# Basic Training - Mentally Demanding?



## Sammy98 (30 Sep 2013)

Hey guys,

I just wanted to know what makes basic training so stressful. The only thing I can think of which makes people say it is mentally demanding, is that you get yelled at a lot. I couldn't find an answer to this. All I could find was the physical demands of basic training. So my questions are: What makes Basic Training so stressful? Does the military make you mentally and psychologically strong?


----------



## Towards_the_gap (30 Sep 2013)

I'll take a stab at this.

It is the culture shock of coming from a 'me me me, I'll turn up when I want, I don't have to try hard at anything' culture to one where your failure to apply yourself directly impacts those on your team.

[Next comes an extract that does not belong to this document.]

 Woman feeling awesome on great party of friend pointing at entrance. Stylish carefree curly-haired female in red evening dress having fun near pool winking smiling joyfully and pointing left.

It is working and living in a 24hr environment where you are given timings and standards which are apparently impossible to meet. I.e. dismissed for lunch at 1230, with an order to be back on parade by 1300. Line-up in the kitchen means you do not get to the hotplate until 12:50, and of course this being the military you actually need to be on parade by 1255. 

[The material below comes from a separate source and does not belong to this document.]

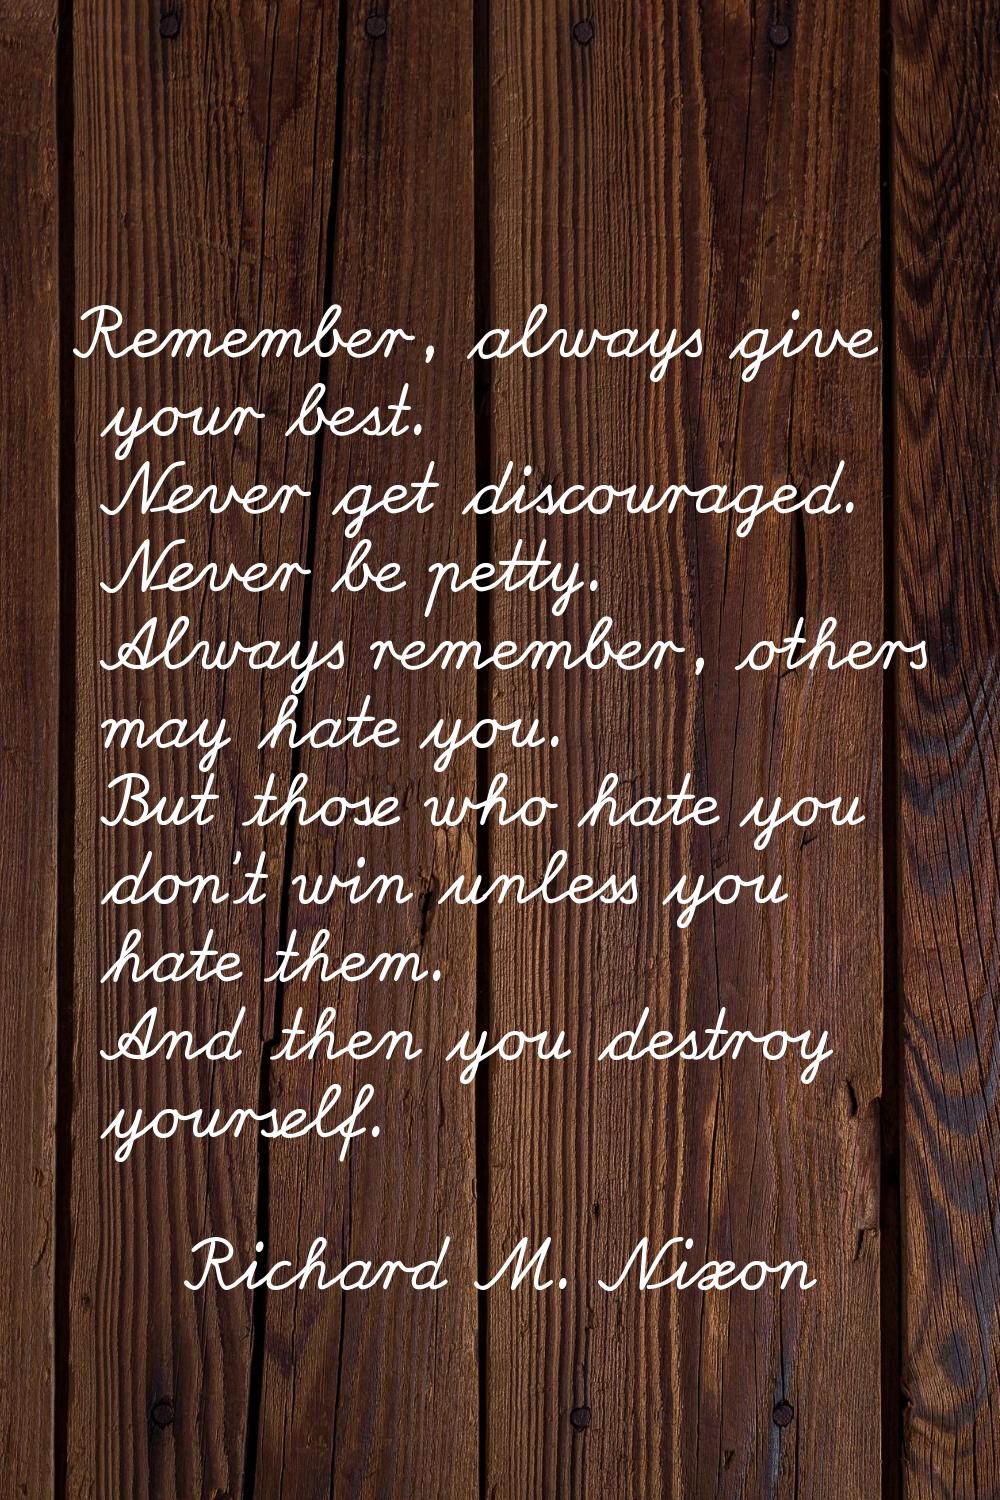 Remember, always give your best. Never get discouraged. Never be petty. Always remember, others may

It is the physical training, which may be a shock to some who consider getting slightly out of breath 'a hard work out', not knowing that a real hard workout has you praying to gods you didn't know exist.

Also a 24hr environment with little to no distraction asides from books or shared facilities and very little privacy.

Finally, it is the depressing realisation that what your parents always said about doing well at school and the consequences of doing the opposite has come painfully true, and now it is too late.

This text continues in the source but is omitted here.